GIVEN DATA →

_ _ _

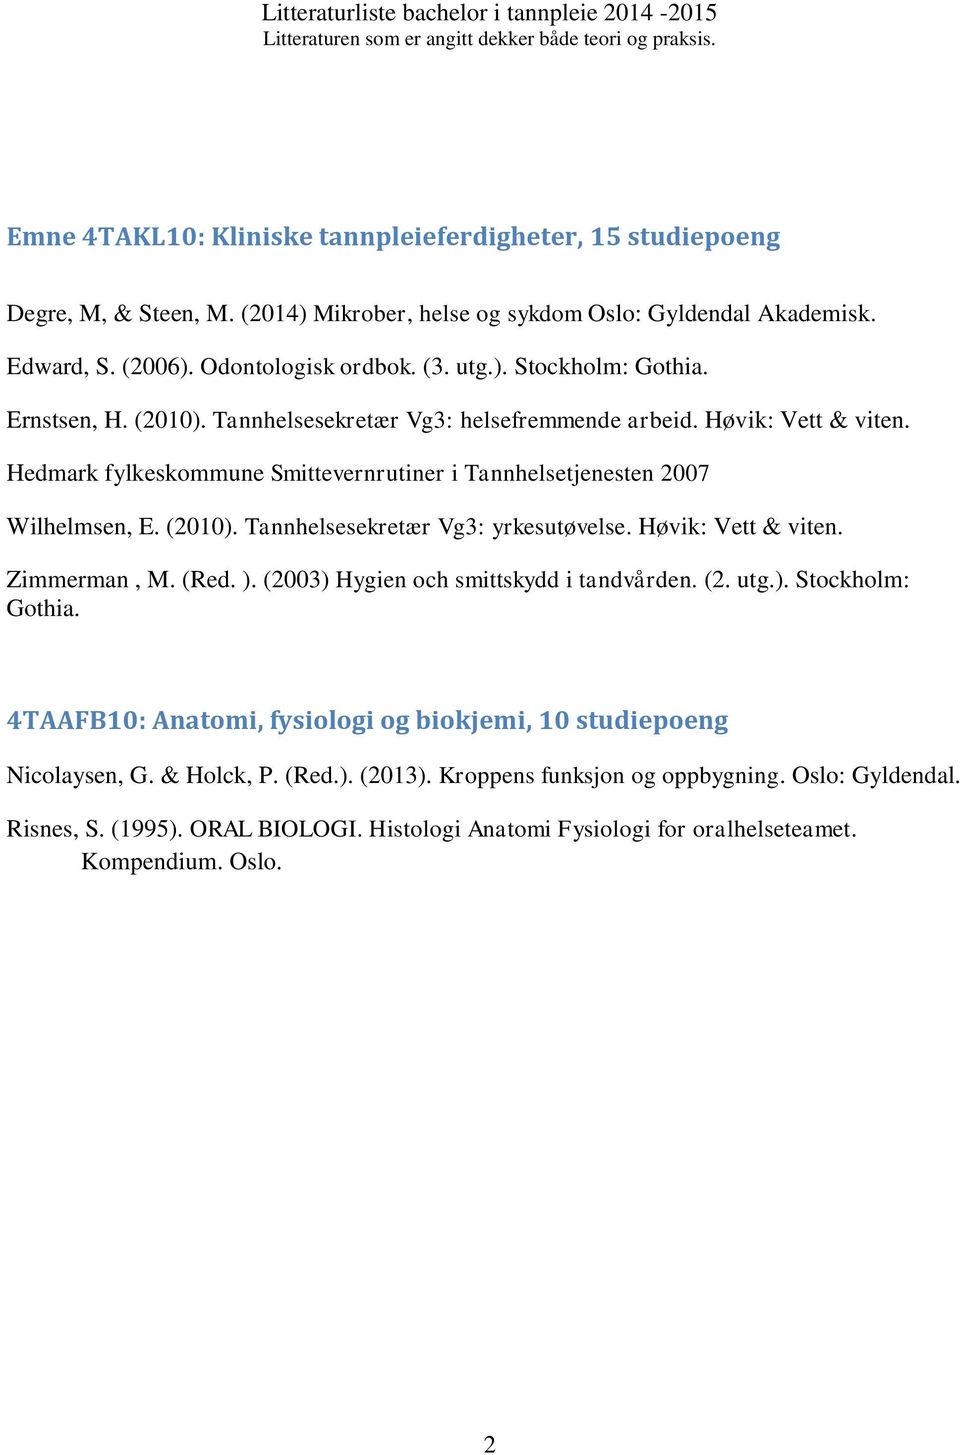 Høvik: Vett & viten. Zimmerman, M. (Red. ). (2003) Hygien och smittskydd i tandvården. (2. utg.). Stockholm: Gothia. 4TAAFB10: Anatomi, fysiologi og biokjemi, 10 studiepoeng Nicolaysen, G.
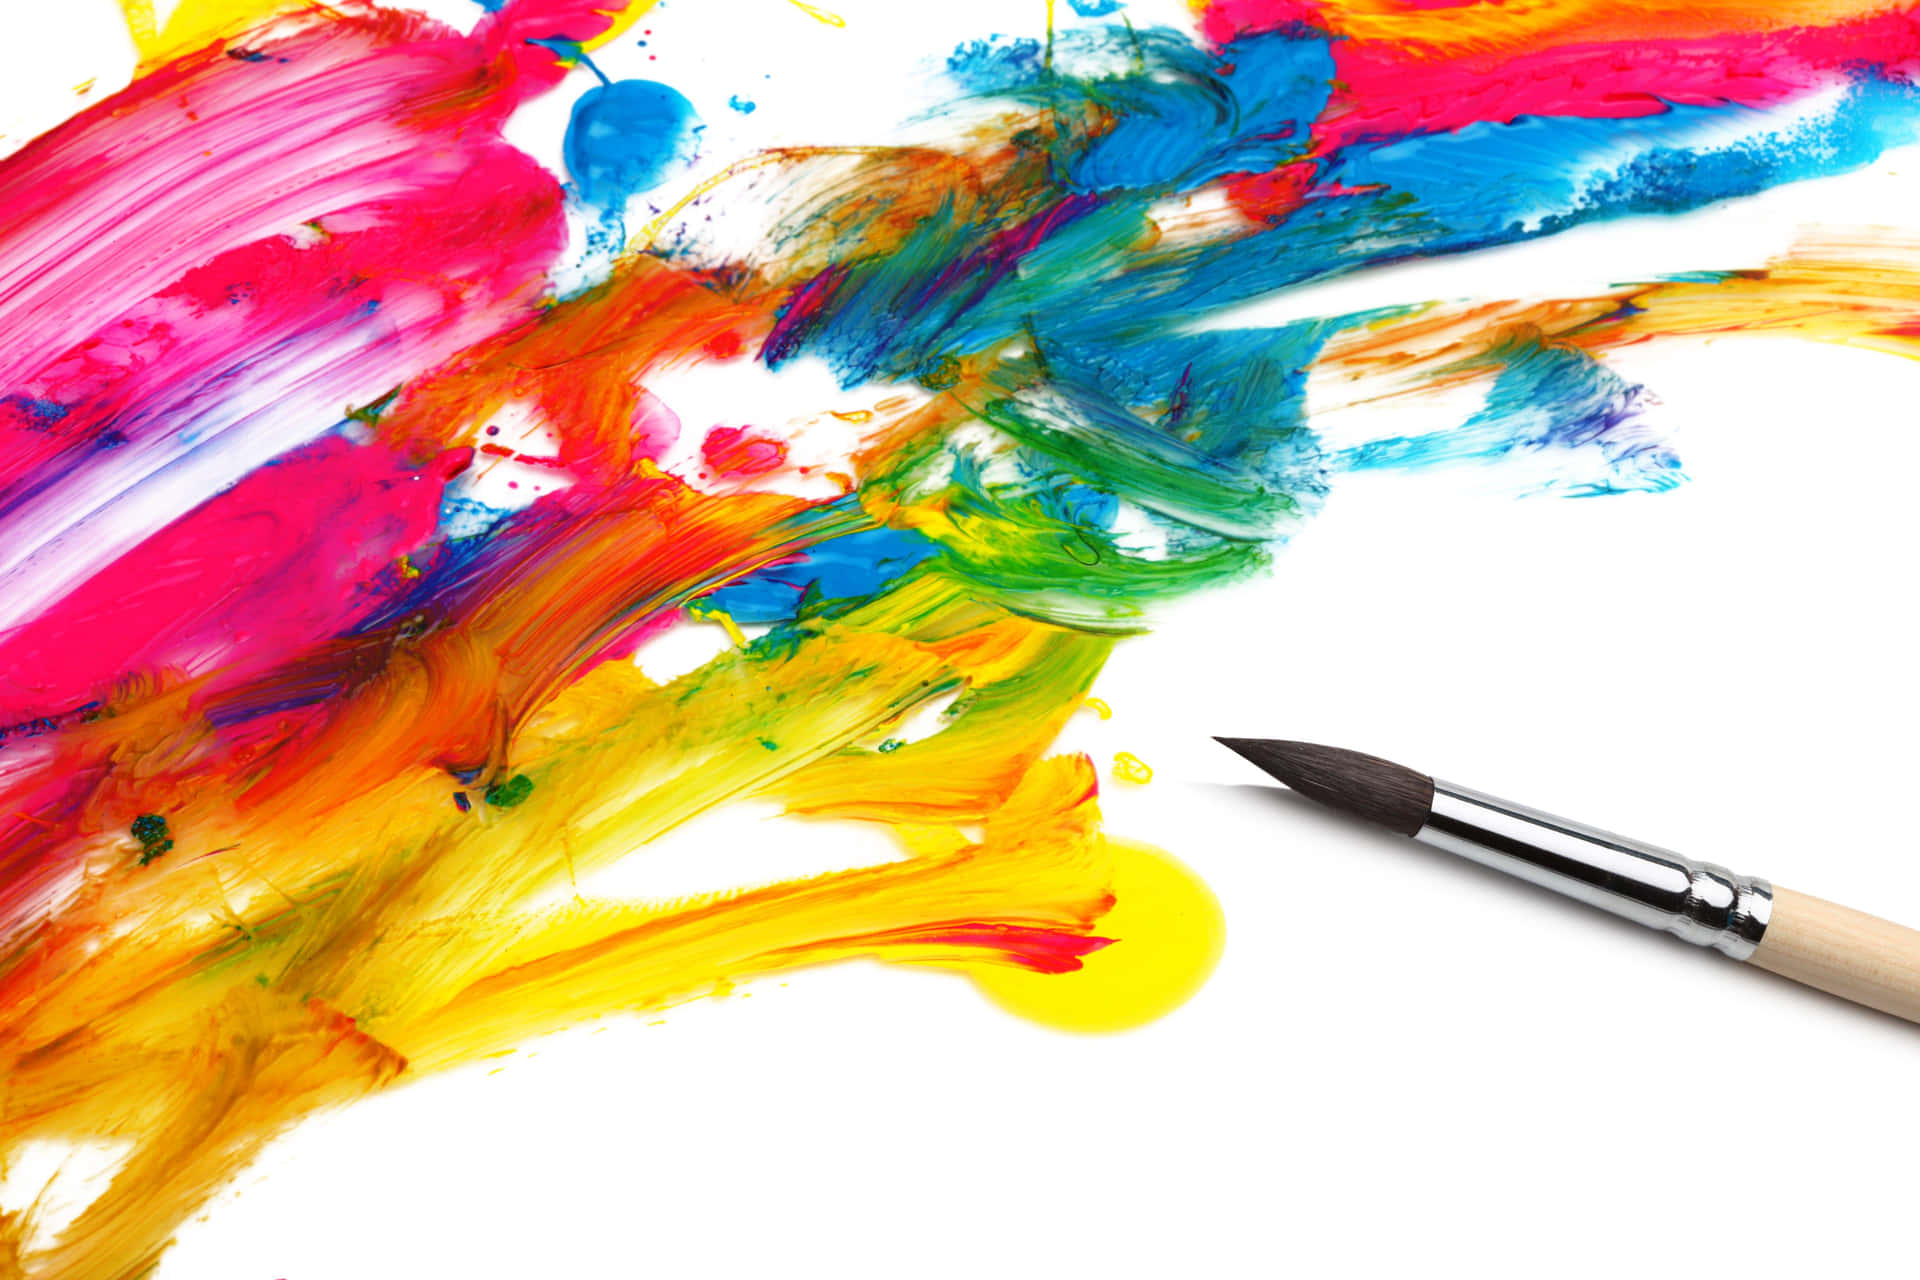 Vibrant Spill of Creativity
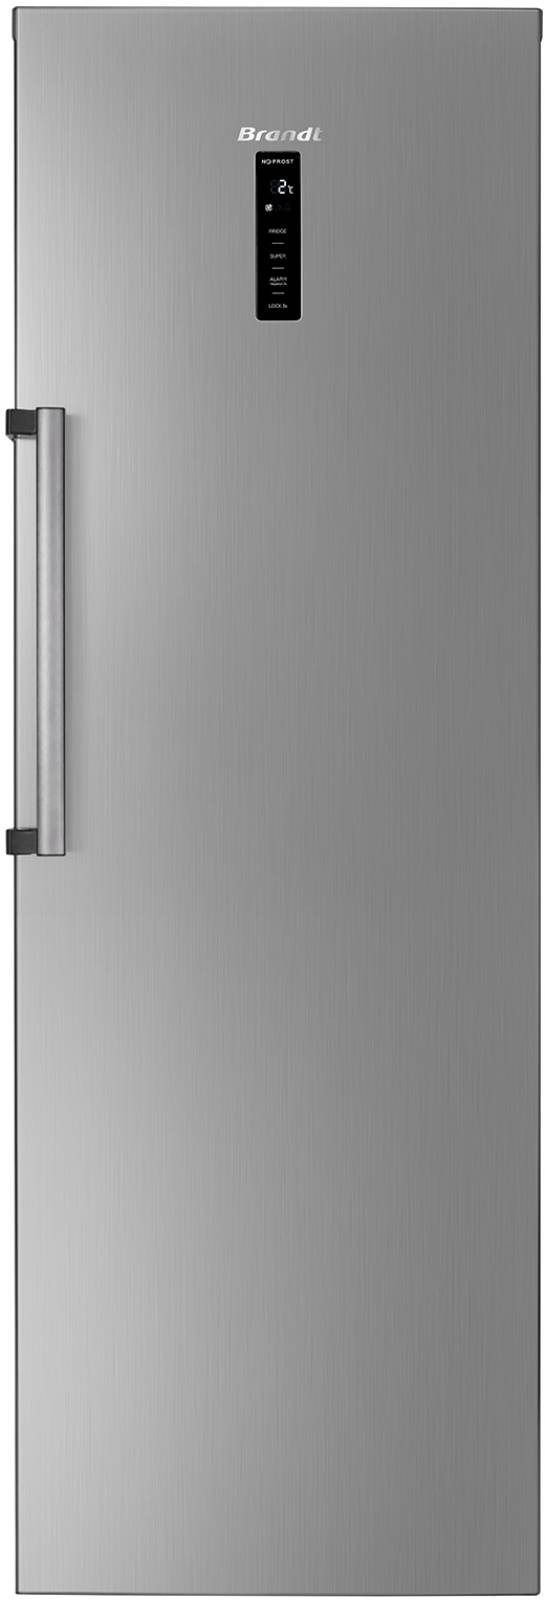 BRANDT Réfrigérateur 1 porte 359 litres Inox - BFL8620NX
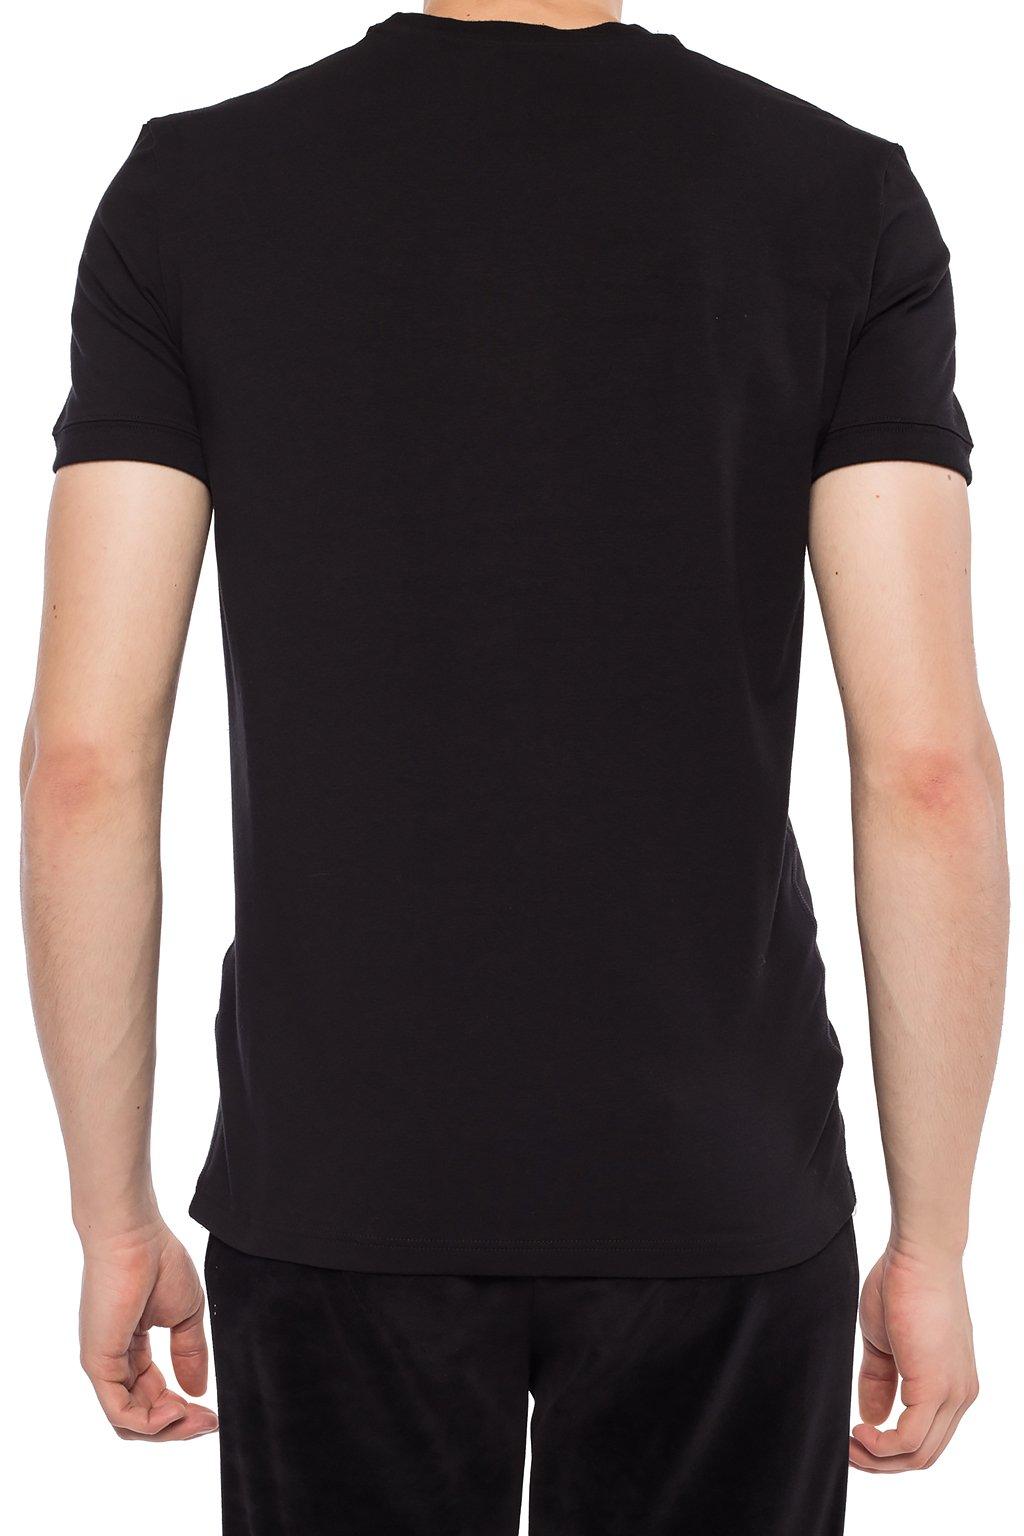 Dolce & Gabbana Logo-embroidered T-shirt in Black for Men - Lyst

_ _ _

Please restate the data word for word, leaving out any picture it holds.

TASK RESULT →
 Høvik: Vett & viten. Zimmerman, M. (Red. ). (2003) Hygien och smittskydd i tandvården. (2. utg.). Stockholm: Gothia. 4TAAFB10: Anatomi, fysiologi og biokjemi, 10 studiepoeng Nicolaysen, G.
 Vibrant Spill of Creativity
 BRANDT Réfrigérateur 1 porte 359 litres Inox - BFL8620NX
 Dolce & Gabbana Logo-embroidered T-shirt in Black for Men - Lyst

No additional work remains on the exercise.